In theory you could replace these potentially questionable disks, test them thoroughly, and return them to your spares pool if they pass your tests. In practice this would add more and more questionable disks to your spares pool and, well, do you really trust them completely? I wouldn't. This leaves either demoting them to some less important role (if you have one that can use a potentially significant number of disks, and maybe you do) or trying to return them to the vendor for a warranty claim (and I don't know if the vendor will take them back under that circumstance).
I don't have a good answer to this. Our current (new) approach is to replace disks that have persistent read errors. On the first read error we clear the error and schedule a pool scrub; if the disk then reports more read errors (during the scrub, before the scrub, or in the next while after the scrub), it gets replaced.
(This updates some of our past thinking on when to replace disks. The general discussion there is still valid.)
How ZFS resilvering saved us
I've said nasty things about ZFS before and I'll undoubtedly say some in the future, but today, for various reasons, I want to take the positive side and talk about how ZFS has saved us. While there are a number of ways that ZFS routinely saves us in the small, there's been one big near miss that stands out.
Our fundamental environment is ZFS pools with vdevs of mirror pairs of disks. This setup costs space but, among other things, it's safe from multi-disk failures unless you lose both sides of a single mirror pair (at which point you've lost a vdev and thus the entire pool). One day we came very close to that: one side of a mirror pair died more or less completely and then, as we were resilvering on to a spare disk, the other side of the mirror started developing read errors. This was especially bad because read errors generally had the effect of locking up this particular fileserver (for reasons we don't understand). This was particularly bad because in Solaris 10 update 8, rebooting a locked up fileserver causes the pool resilver to lose all progress to date and start again from scratch.
ZFS resilver saved us here in two ways. The obvious way is that it didn't give up on the vdev when the second disk had some read errors. Many RAID systems would have shrugged their shoulders, declared the second disk bad too, and killed the RAID array (losing all data on it). ZFS was both able and willing to be selective, declaring only specific bits bad instead of ejecting the whole disk and destroying the pool.
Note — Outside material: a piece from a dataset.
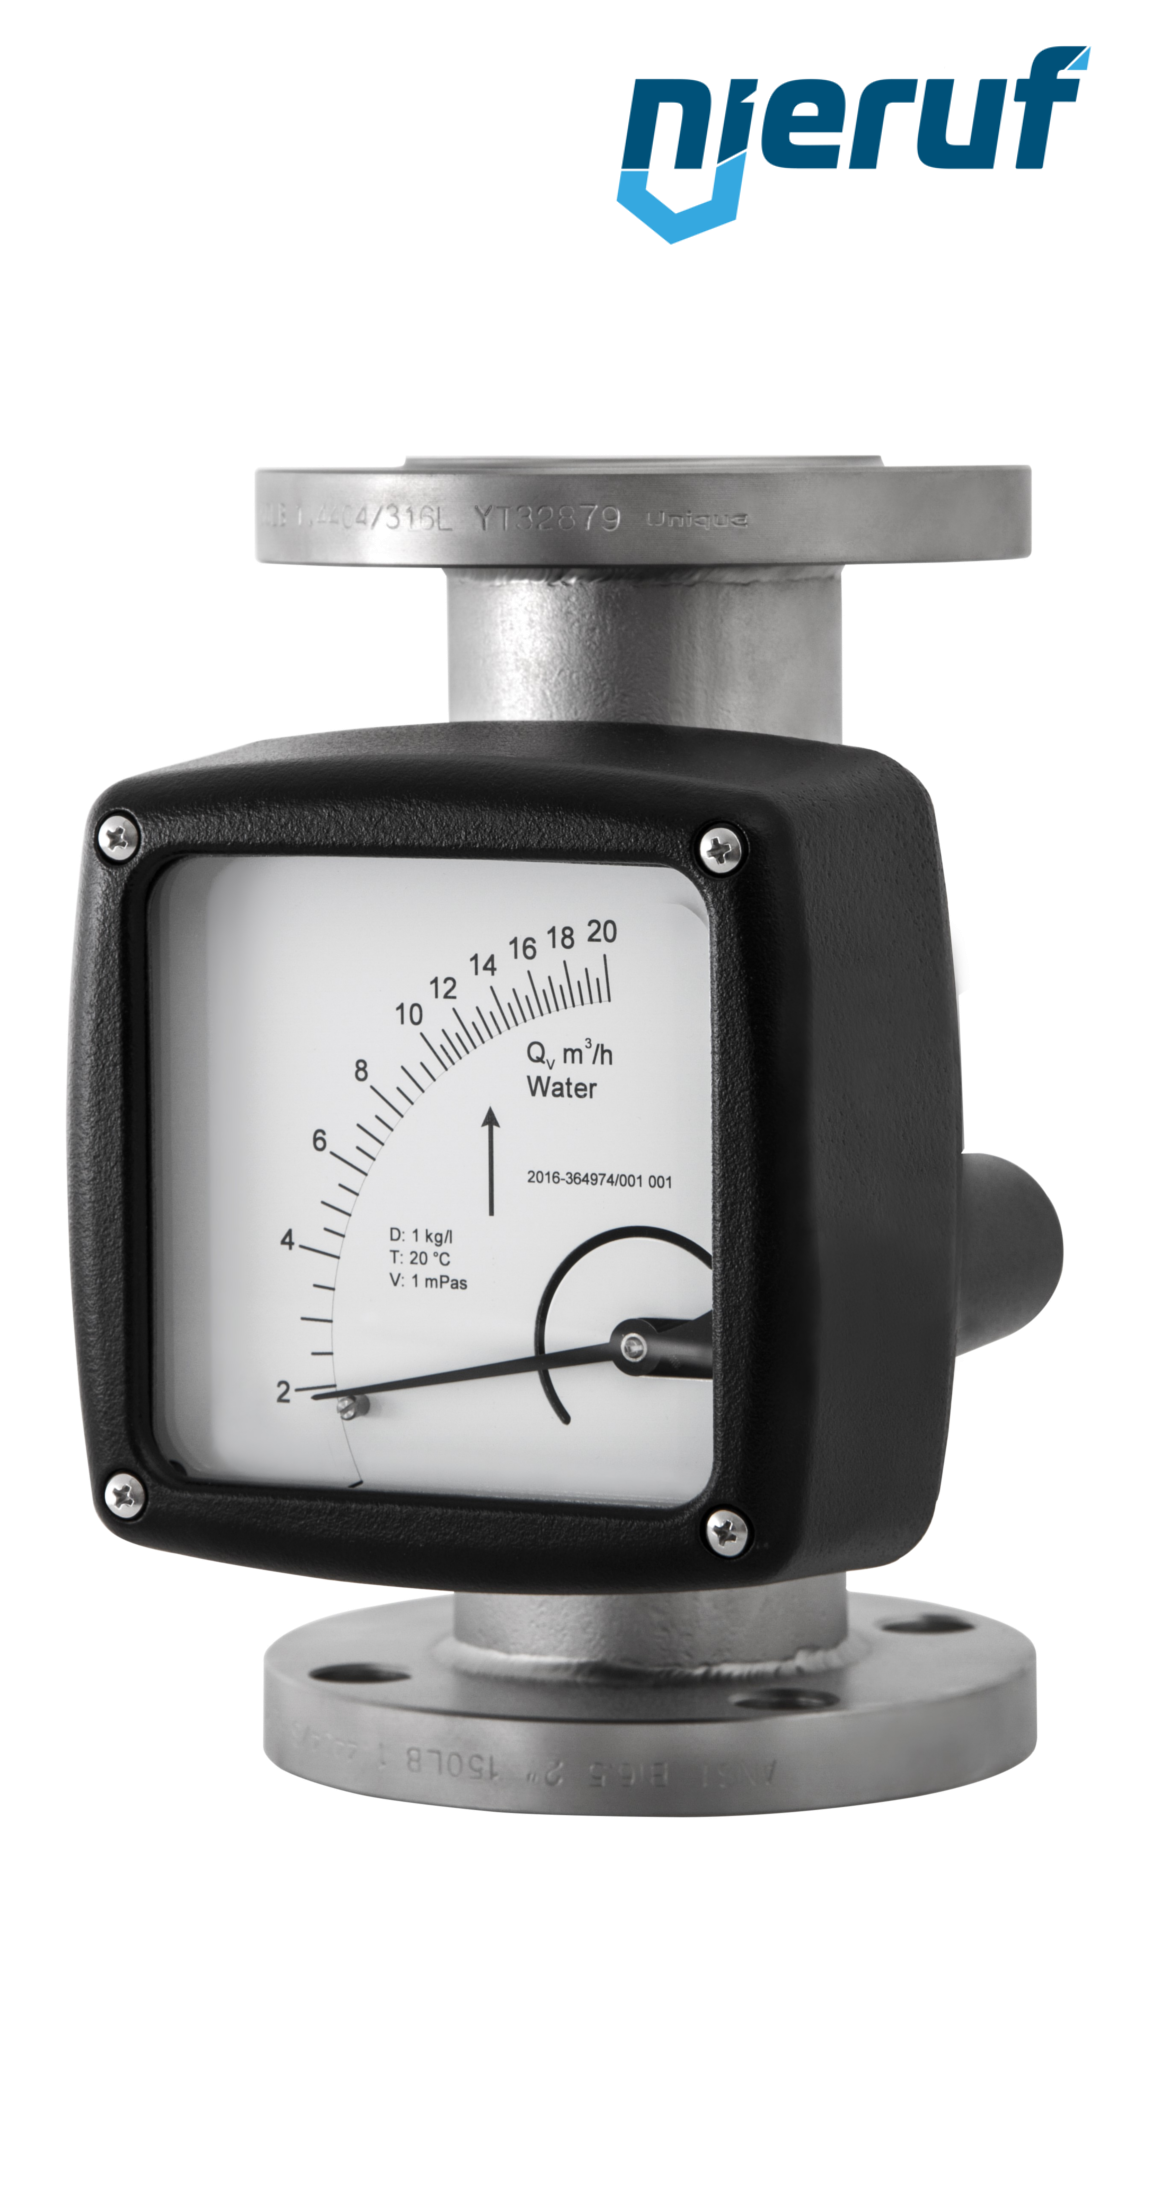 misuratore di flusso / rotametro completamente in metallo DN125-attacco 5000,0 - 50000,0 l/h tubo DN100 acqua

(We were lucky in that no metadata was damaged, only file contents, and we had all of the damaged files in backups.)
The subtle way is how ZFS let us solve the problem of successfully resilvering the pool despite the fileserver's 'eventually lock up after enough read errors' behavior. Because ZFS told us what the corrupt files were when it found them and because ZFS only resilvers active data, we could watch the pool's status during the resilver, see what files were reported as having unrepairable problems, and then immediately delete them; this effectively fenced the bad spots on the disk off from the fileserver so that it wouldn't trip over them and explode (again). With a traditional RAID system and a whole-device resync it would have been basically impossible to fence the RAID resync away from the bad disk blocks. At a minimum this would have made the resync take much, much longer.
The whole experience was very nerve-wracking, because we knew we were only one glitch away from ZFS destroying a very large pool. But in the end ZFS got us through and we able to tell users that we had very strong assurances that no other data had been damaged by the disk problems.